I felt a surge, as if my breath was being taken away, as if I were losing blood-pressure. However, it was not breath. It was something in my head! A slipping, a seeping as if something were leaking out. Leaking out towards him! I threw my hands to my temples, confused. When Dai Goro Bogdu laughed in response, the surging stopped. But then it began immediately when he made that same expression again.
Damn! He's doing something! I gasped. Internally, I felt strength vanishing fast. It went from my forehead first, joined an outward flow from my throat and began to tap into an energy exodus from my heart.
"God!" I gasped, and suddenly felt some relief. But it was only temporary, and only because Dai Goro Bogdu had interrupted himself by speaking.

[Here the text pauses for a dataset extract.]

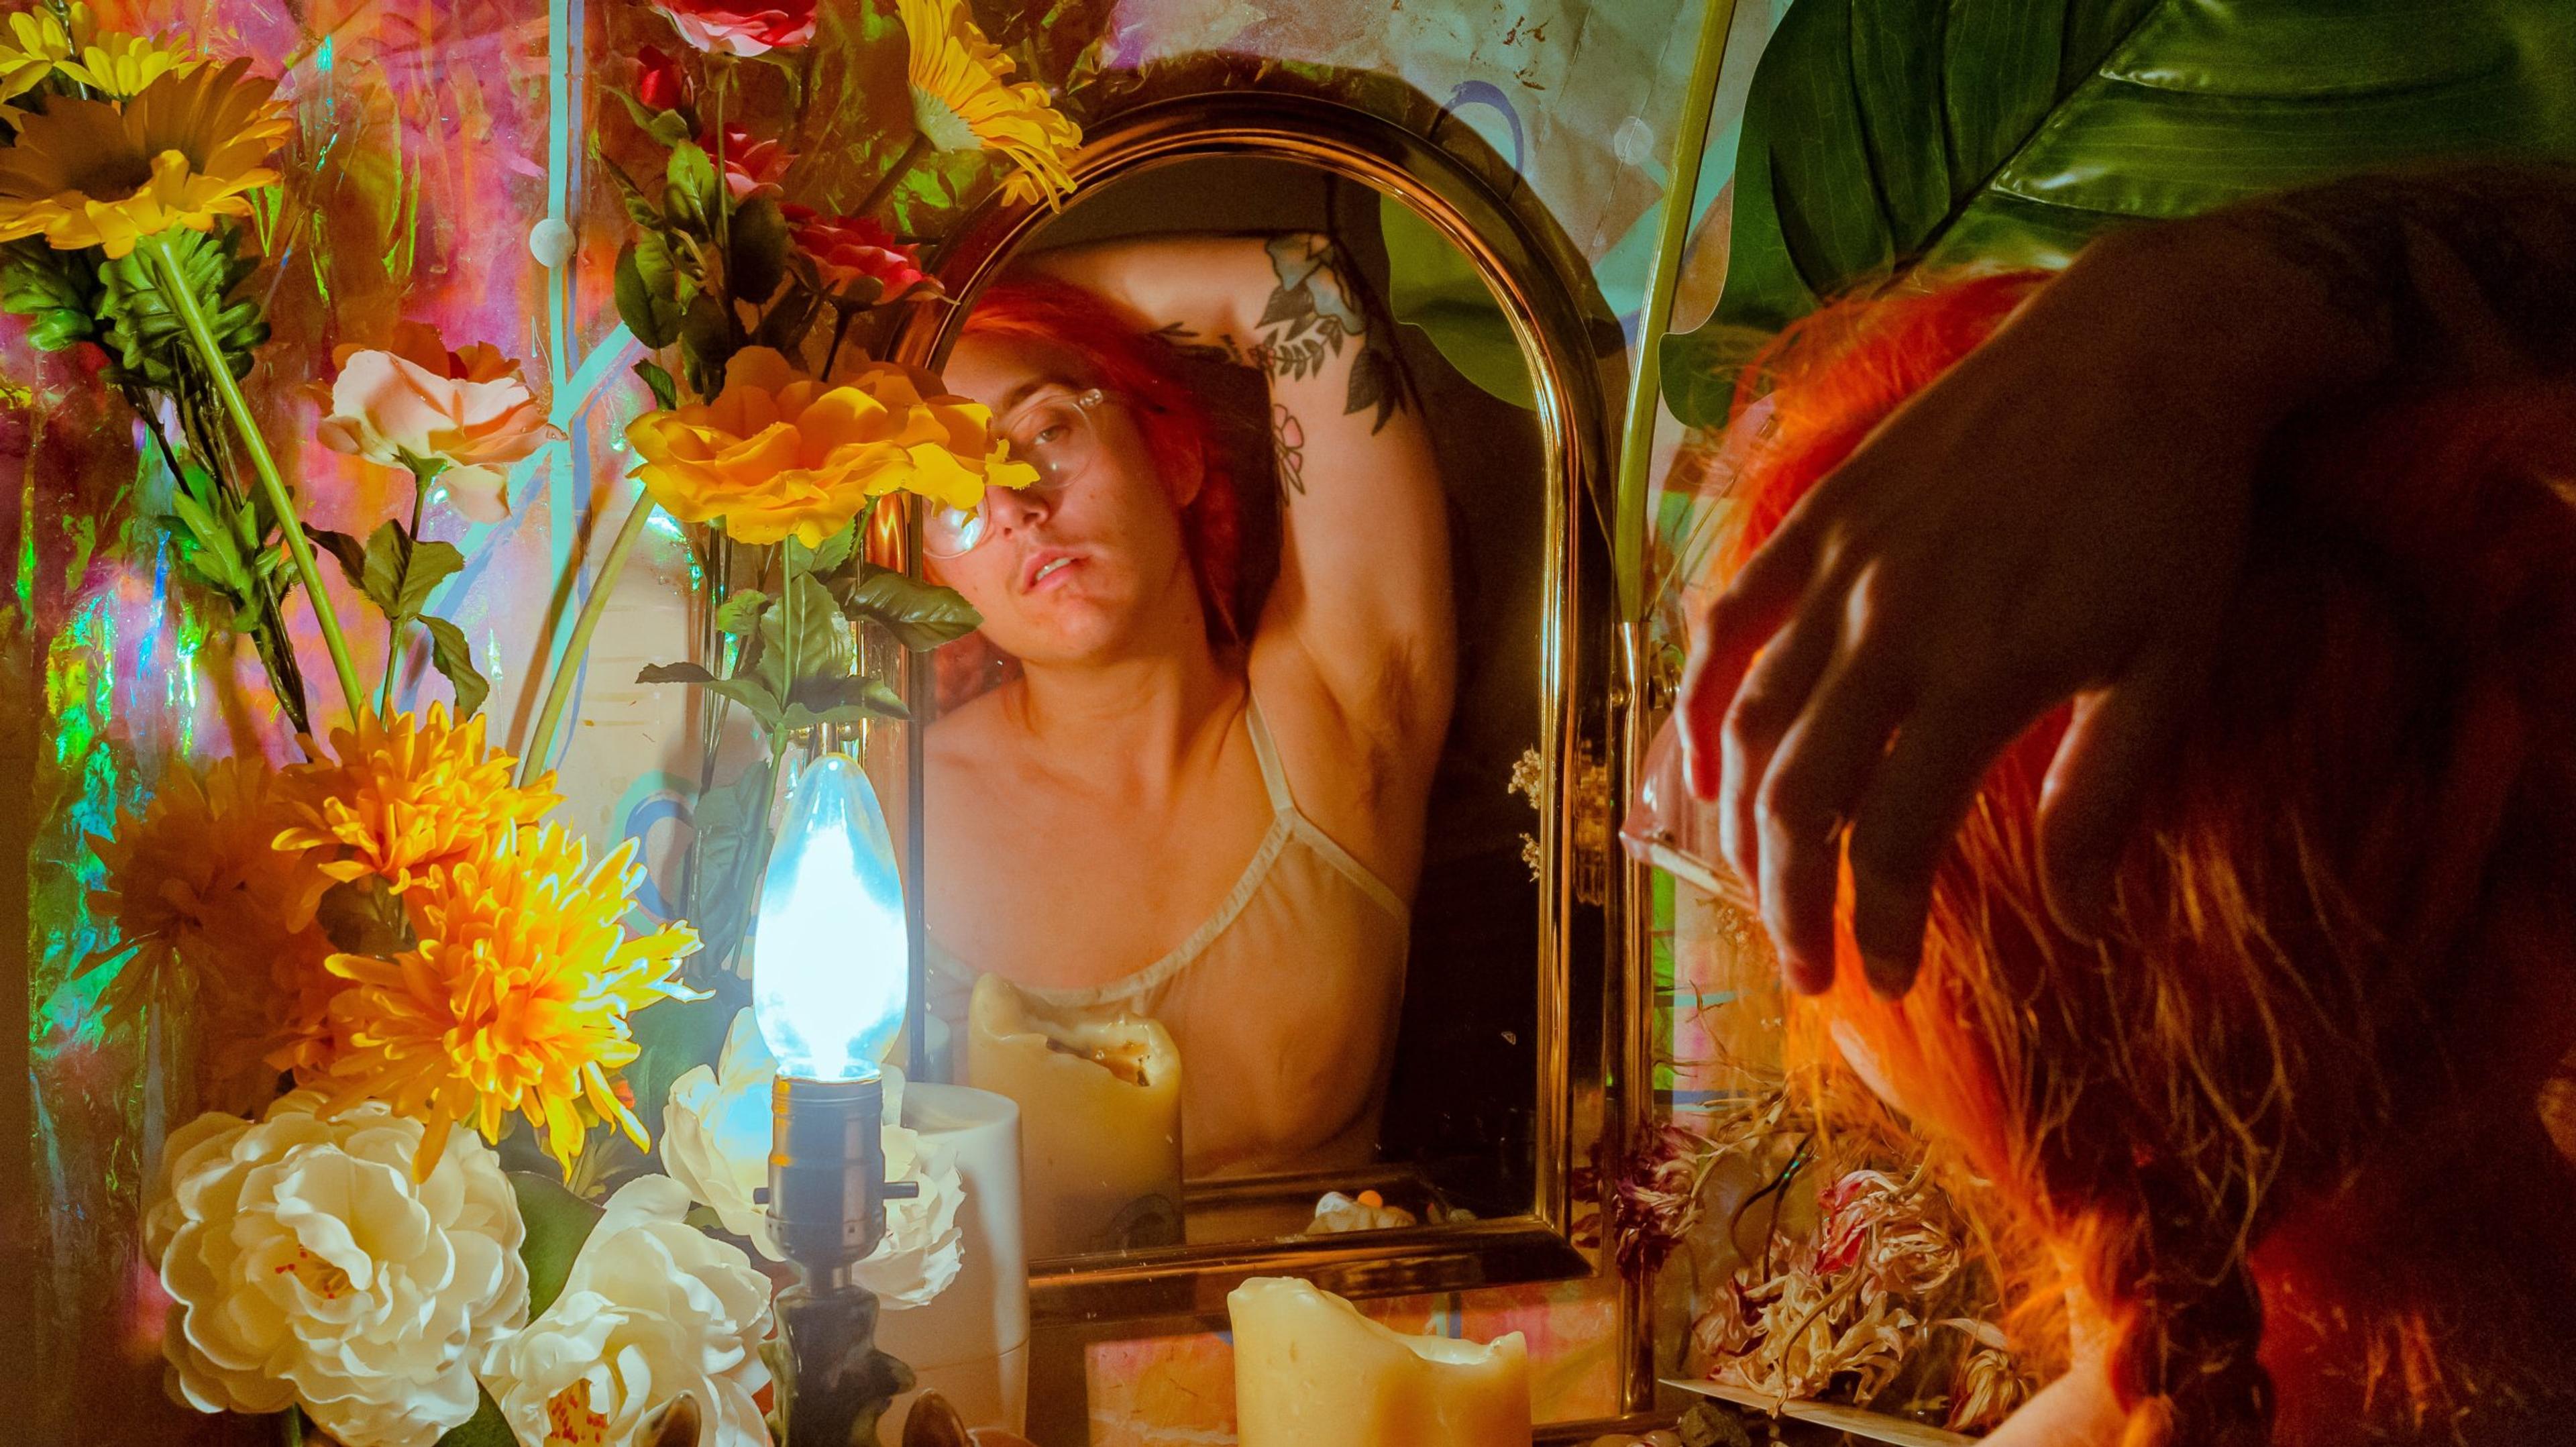 A photograph of a red-headed person looking in a mirror while holding their arm above their head, surrounded by vibrant foliage

"I thought that you did not believe in God?" he laughed.
I cursed him, and cursed non-existent gods which did not come to my rescue.
The wind was racing, racing, was leaving me. He was pulling it all out of me! Hang on! Hang on! I advised myself. Hold fast! Hold fast! Don't lose it! It is all that you have. Hold! On! The pressure increased, and I did not know if I could continue. What does it matter? Ah! AH! Susan! What should I do? I asked. And then I knew. I should, "AUM.AH.HUM!" and my grip tightened. I repeated it again and I almost felt normal again.
The blue man's eyes were straining. I said "AUM. AH. HUM," a third time, and it ended the threat. Whatever it was snapped invisibly between us. He stopped his efforts, and glared at me.
"How did you learn this?" he growled.
"I don't know anything," I answered truthfully.
"Evil!" he cried. "The most terrible evil! You are a god-killer! But I promise," he said, extending his two arms towards me, opening and closing his fists, in some terrible gesture of some infinite vow, "I shall destroy your will, and your infectiousness! You are a human slime! You are a fungus to be eradicated!"
I laughed, feeling much better now after this failed test of my destructibility.
He began to roll his eyes and a coldness struck my stomach, a nausea. "Oh oh," I thought. "Maybe I spoke too soon."
But as suddenly as he had started this new attack, he broke it off. "Pah!" he spat. "I'll waste no more of my time here. I'll kill you at my mountain!"
And with that he vanished.
Phew! I exhaled. But what makes him think I'll go anywhere near his mountain? I'm not crazy, you know.